From 1986 to 1989, I worked in the Xenix group at Microsoft. It was my first job out of school, and I was the most junior person on the team. I was hopelessly naive, inexperienced, generally clueless, and borderline incompetent, but my coworkers were kind, supportive and enormously forgiving – just a lovely bunch of folks.
Microsoft decided to exit the Xenix business in 1989, but before the group was dispersed to the winds, we held a wake. Many of the old hands at MS had worked on Xenix at some point, so the party was filled with much of the senior development staff from across the company. There was cake, beer, and nostalgia; stories were told, most of which I can’t repeat. Some of the longer-serving folks dug through their files to find particularly amusing Xenix-related documents, and they were copied and distributed to the attendees.
These are kinds of stories that need to be written down for posterity, of we risk losing a lot of valuable information and backstories to some of the less successful technology products of our time.
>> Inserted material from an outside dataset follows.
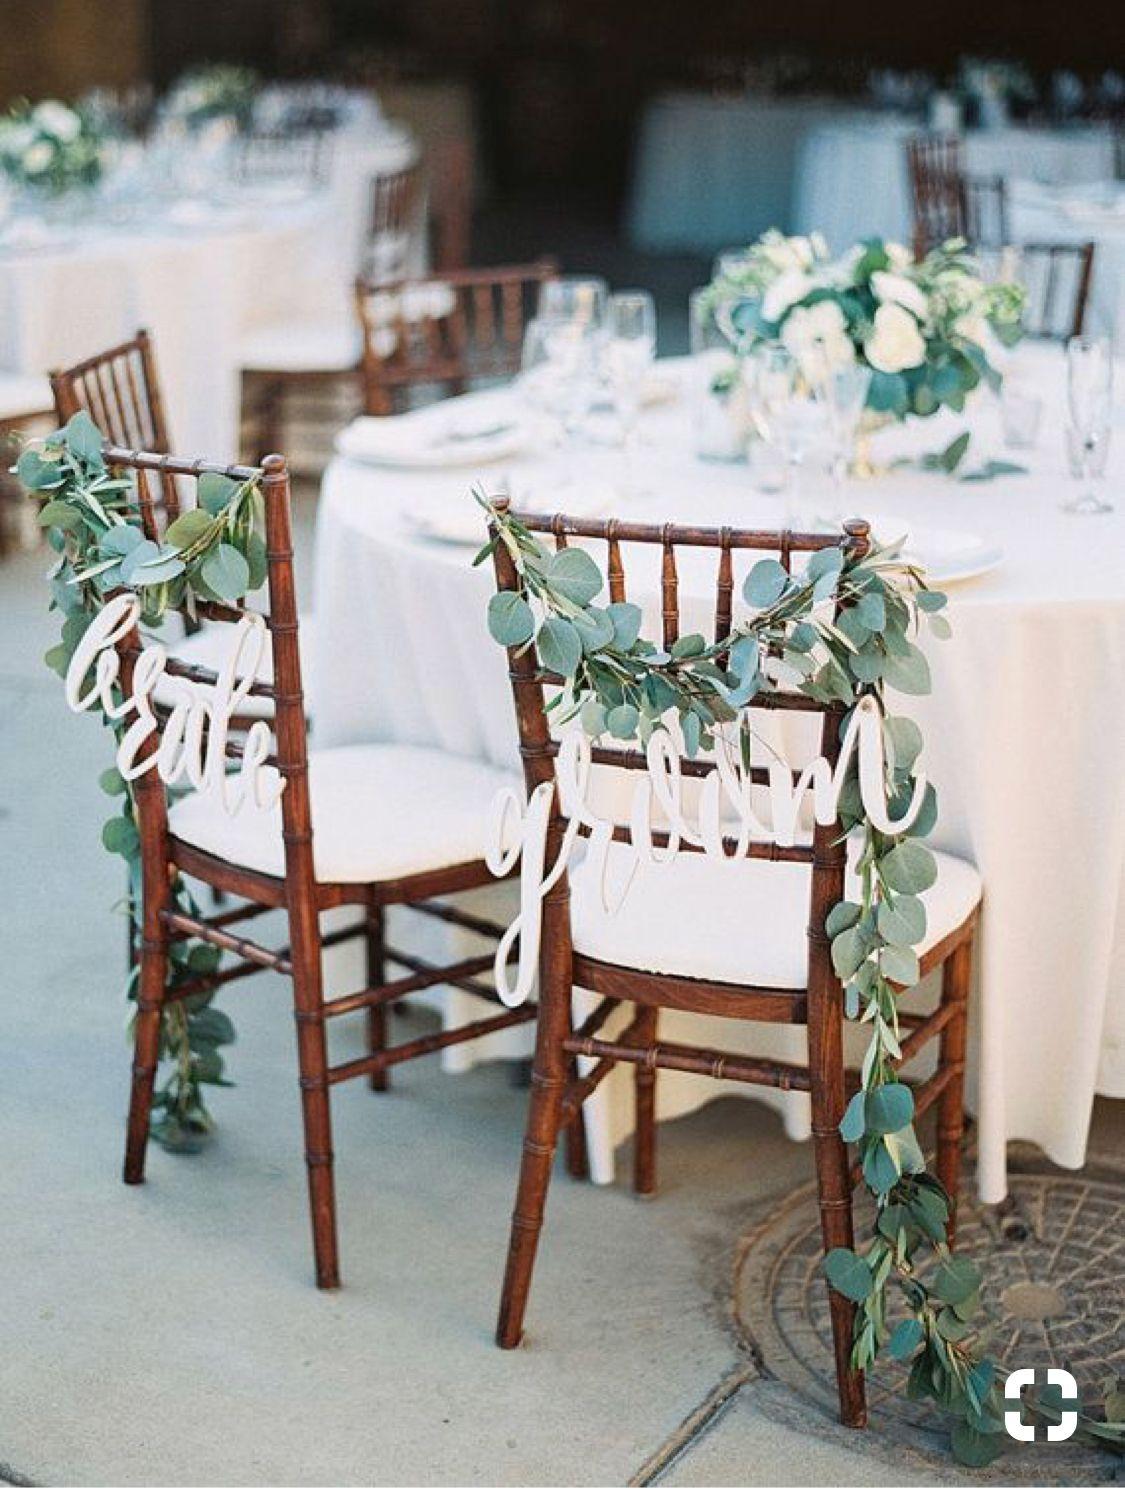 Wedding decorations at church november 2018 Pin by ola on Ślub in   Pinterest  Wedding Wedding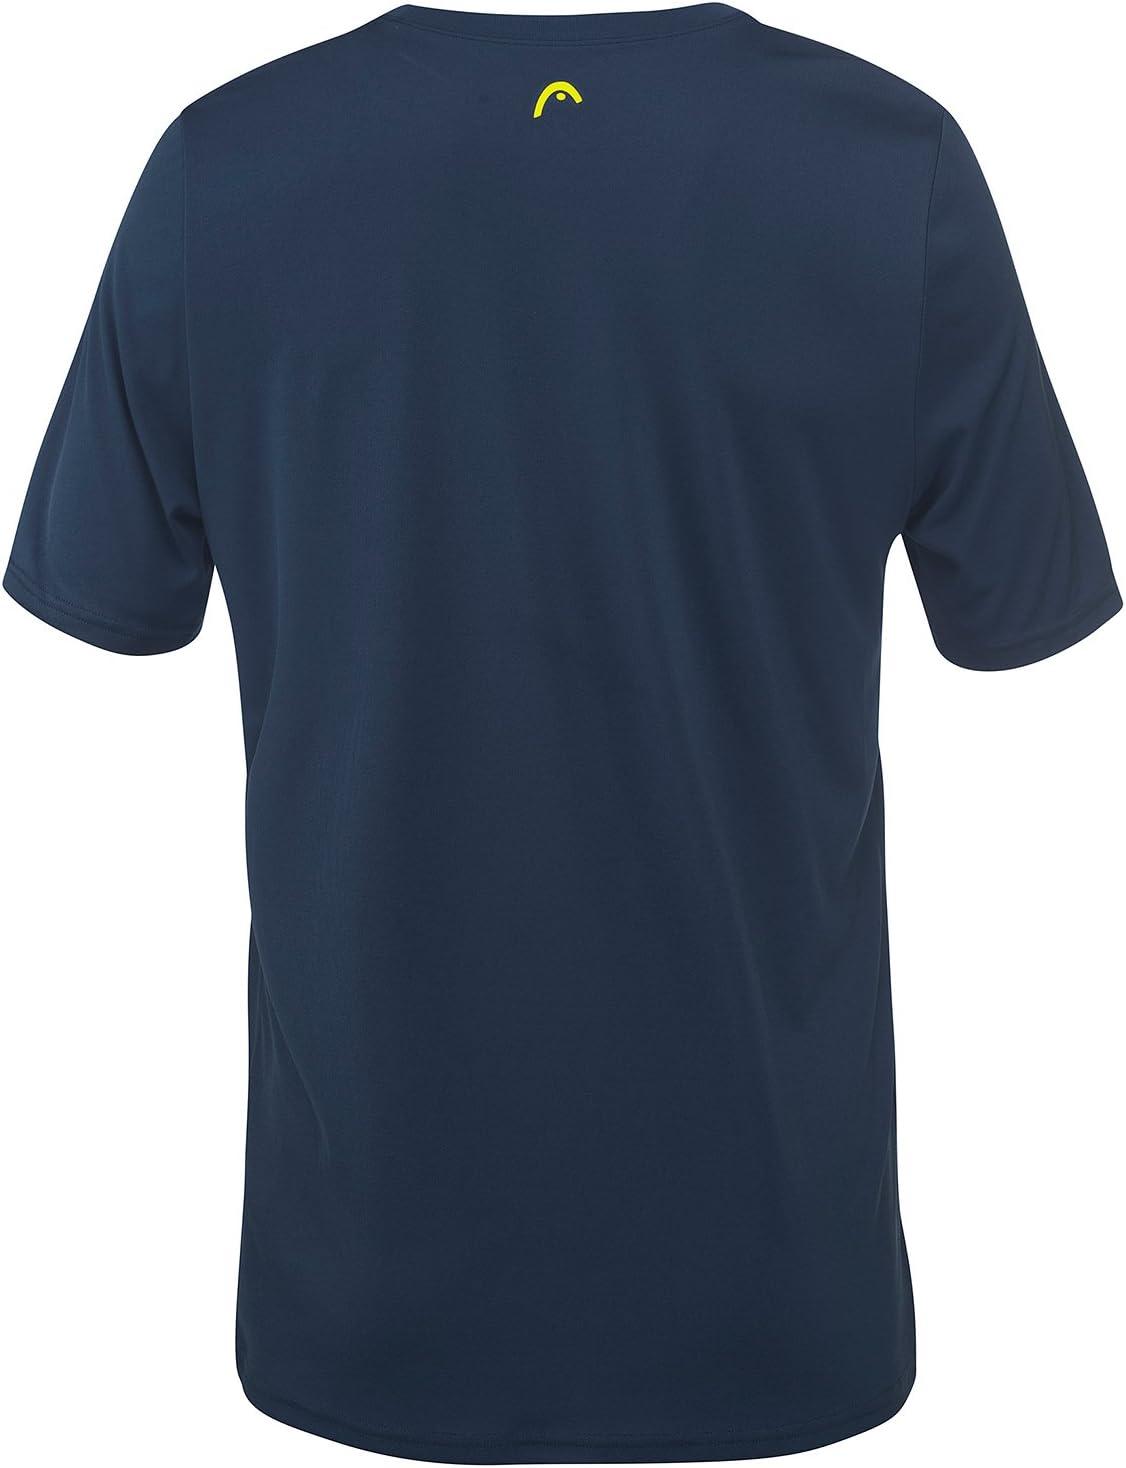 HEAD Basic Tech T-Shirt Enfant

One thing about Microsoft, is that they sure knew when to bail out. Exited the UNIX market before the infighting began (AT&T vs BSD UNIX, SCO vs the World, etc…) Then later left OS/2 to IBM. A company that was on its way out of the PC market.
You have mail.
I read somewhere that Paul Allen wanted to replace MS-DOS with Xenix before he left Microsoft in 1983.
What a different world that would have been. Win 3.11 and Win95+ on top of a *nix base is an interesting alternative history. Would NT still have been on top of the NT kernel or would MS have picked up Plan9?
As others have pointed out, Xenix replacing MS-DOS probably wouldn’t have happened because of AT&T’s licensing, but Sun found a way to make it happen. So maybe.
With *nix backed by MS, Linux would never have existed?
Hurd might have been brought up as a viable kernel. There would have been more pressure to do so.
Is Hurd a *nix based kernel ?
GNU is Not Unix, so nope…
I think it would have. Linus has stated he probably would have used a BSD instead of writing his own kernel if the AT&T vs BSD lawsuit hadn’t happened.
Maybe Linux is BSD based in this world?
He could not get 386BSD, by the time 386BSD came out Linux was already a thing.
Absolutely. MS isn’t a loser because they don’t have an operating system. They are a loser because they believe that closed software is better. You’d have the same issues that created the need for Linux. There were plenty of closed proprietary Unix’s out there when Linux came about.
The 90s ended a long time ago. Microsoft has done and embracing a lot of opensource in the last decade and a half.
Not sure you can compare the Sun world to the IBM PC world. Typically the bill for a Sun solution was so much larger than a typical PC that the percentage of the ATT license on the PC would have been monstrous.
True, but PCs have volume. I think they could have figured it out if they wanted to. Plus, BSD only had to replace 6 files.
Back then (1983) Unix was known as an “Open System’. No way would Gates gave gone for that, even though to call Unix open was just snake oil.
I’ve also read that. I think of that often. He was recommending a technical better solution. But ultimately Microsoft was probably better off financially by developing its own much worse offering. Same could be said for OS/2 to a certain extent.
Bill Shooter of Bul,
In hindsight this seems to be very true.